Just finished the 'recruitment' stage of No Fixed Abode and I feel the need to rant about labels. How demeaning, destructive and dehumansing they are. 

That’s why this new theatre project at The Core is so important. It gives a platform to those who have lost their voice, their place in our community.  And the participants/actors - the ‘homeless’ ‘teenage parents’, ‘excluded students’, etc, etc, - have just taken their first steps in discovering that their stories and experiences matter.

And believe me, once you listen to them it’s not a label you see but a person, a face, a name. Actually brave people willing to walk into an intimidating large theatre and try a new form of being and communicating together.

Looking beyond the labels is what this innovative theatre production is all about. But that’s a challenge - real life, like real people, is messy and complicated. So unlike most information, entertainment and yes, theatre that we neatly package and passively consume nowadays, No Fixed Abode requires participation and effort from not only its neophyte actors but also its audience (which I’ll get to later). 

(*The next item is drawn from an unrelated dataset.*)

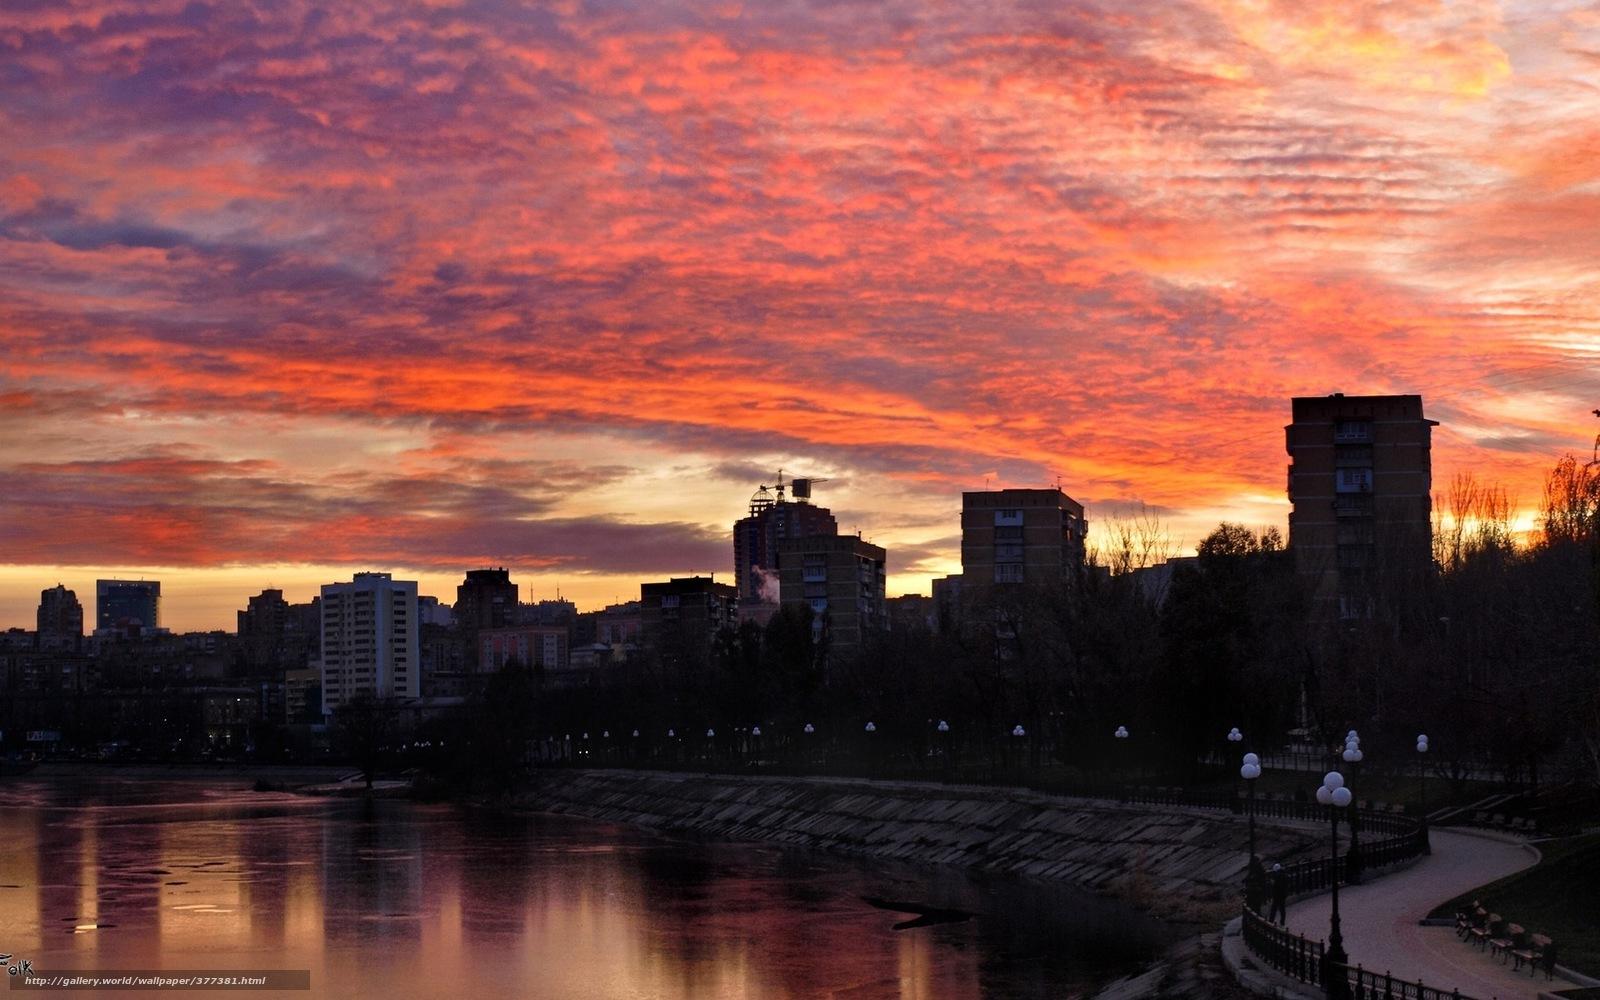 аиф на оби: pictures11.ru/aif-na-obi.html

This is conventional theatre turned on its head. It is going to take a little explaining because it’s deep but then anything worthwhile in life requires attention doesn’t it? And like every decent creative work it’s also not clear quite where we’re going or how we’re going to get there - or for that matter whose going to take part.  What I do know for sure is that everybody involved in No Fixed Abode is now on a significant journey. And that definitely includes me.